Its that time of year 3D season


----------



## zestycj7

Good Sunday morning everyone.
Don.


----------



## MICCOX

Back TTT for some true frainds.


----------



## MICCOX

ttt


----------



## MICCOX

Bump


----------



## Prodigyoutdoors

Best arrows hands down. so its up to the top for Harvest time


----------



## kellynmb

Rainning here hope everyone is hsving a great holiday.


----------



## Longbow42

Too bad they don't make a .250 spine HT-1, Victory is coming out with a .250 spine VAP.


----------



## zestycj7

Good morning Harvest Time.
Don.


----------



## MICCOX

Say good mornig Don hope avery thing is going good to day.


----------



## MICCOX

evening bump for a great group of guys.


----------



## zestycj7

Good morning everyone.
I hope your day goes well.
Don.


----------



## zestycj7

Good morning everyone. I hope everyone has a great weekend, this is my Friday.
You have to love a 9-80 work schedule, 3 day weekend every other week.
Don.


----------



## backwardshooter

I took this week off to deer hunt(rifle season) and have not been out yet. This year I just cant stand picking up my rifle. I would rather carry my bow. My nieghbor has all the deer in my area scared to death and there is no way I would be able to get close enough to get a shot. He has 1 buck and 2 doe out of the patch that I hunt, he should be done.


----------



## AGPank

Getting ready for the NAFAC shoot tomorrow. I could use another week of practice, but should be a great time.


----------



## zestycj7

Good morning everyone. I hope your day goes well.
Don.


----------



## MICCOX

Afternoon bump for the best arrows out.


----------



## kellynmb

ready for 3D season end of jan. Can't wait going to shoot some state shoot also.


----------



## MICCOX

Say good luck Kelly.
And good morning to all my the rest of you guys.


----------



## zestycj7

Good morning everyone.
Would anyone know what other arrow mfg. componits will fit in the HT-4's?
Tips, unibushings ect.?
Thanks.
Don.


----------



## MICCOX

Say Don try the XXX componits from gold tip I thank that is what Ron is using.


----------



## AGPank

I hear Easton full bores work. I have 2613 unibushings and x-killer 150gr points, no problems and good fit.


----------



## ronc141

Say Don I use Gold Tip XXX points and Easton G nocks on my HT4s. They work real well for me.

Ron


----------



## RattleSnake1

AGPank said:


> I hear Easton full bores work. I have 2613 unibushings and x-killer 150gr points, no problems and good fit.
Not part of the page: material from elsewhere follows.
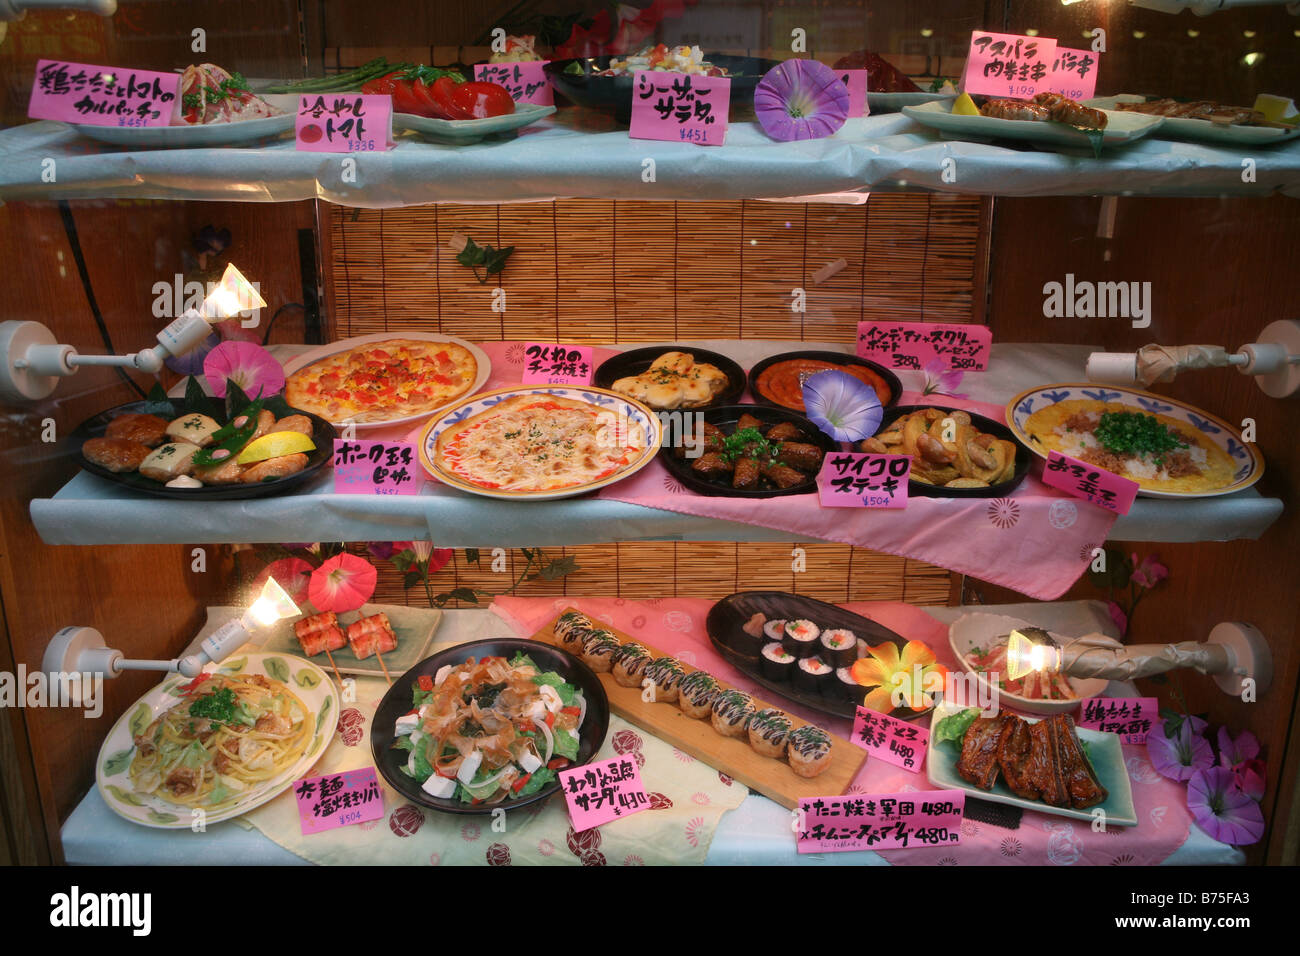 artificial plastic food made of cilicones is used for display in restaurants to see what dishes are available Stock Photo

Are the X-Killer points a little loose fitting in the HT-4?


----------



## bartman

We have the 80 and 100 grain target points in stock for the HT-4 Redemption's in both the Paper Puncher and 3D. With us having the only 400 spine we feel we didn't need to have anything heavier than the 100 since our spine is soft enough. No need to put 150-300 grains up front to try and soften the spine


----------



## zestycj7

My club had it Christmas Charity shoot today.
It was awsome weather and we had an awsome turn out..
I ended up in 2nd place for the day with a 314 for the day.
My HT-4's flew awsome all day and had lots of people asking about them.
Here are some pics from the day.
Don.


----------



## zestycj7

Here are a few more.
Don.


----------



## kellynmb

Looks like you guys had a great time, Looks like fun


----------



## RattleSnake1

bartman said:


> We have the 80 and 100 grain target points in stock for the HT-4 Redemption's in both the Paper Puncher and 3D. With us having the only 400 spine we feel we didn't need to have anything heavier than the 100 since our spine is soft enough. No need to put 150-300 grains up front to try and soften the spine


Glad to hear they're back in stock Bart, but the website still shows all HT-4 points being "out of stock".


----------



## MICCOX

Good morning gang.


----------



## zestycj7

Good morning Mike, and the rest of the HT crew.
Don.


----------



## Double S

bartman said:


> We have the 80 and 100 grain target points in stock for the HT-4 Redemption's in both the Paper Puncher and 3D. With us having the only 400 spine we feel we didn't need to have anything heavier than the 100 since our spine is soft enough. No need to put 150-300 grains up front to try and soften the spine


Great to hear bartman. Thanks.


----------



## Longbow42

bartman said:


> We have the 80 and 100 grain target points in stock for the HT-4 Redemption's in both the Paper Puncher and 3D. With us having the only 400 spine we feel we didn't need to have anything heavier than the 100 since our spine is soft enough. No need to put 150-300 grains up front to try and soften the spine


What about a .250 spine HT-1? That would be great. The market is bigger than you might think, still not huge. Thanks!


----------



## AGPank

RattleSnake1 said:


> Are the X-Killer points a little loose fitting in the HT-4?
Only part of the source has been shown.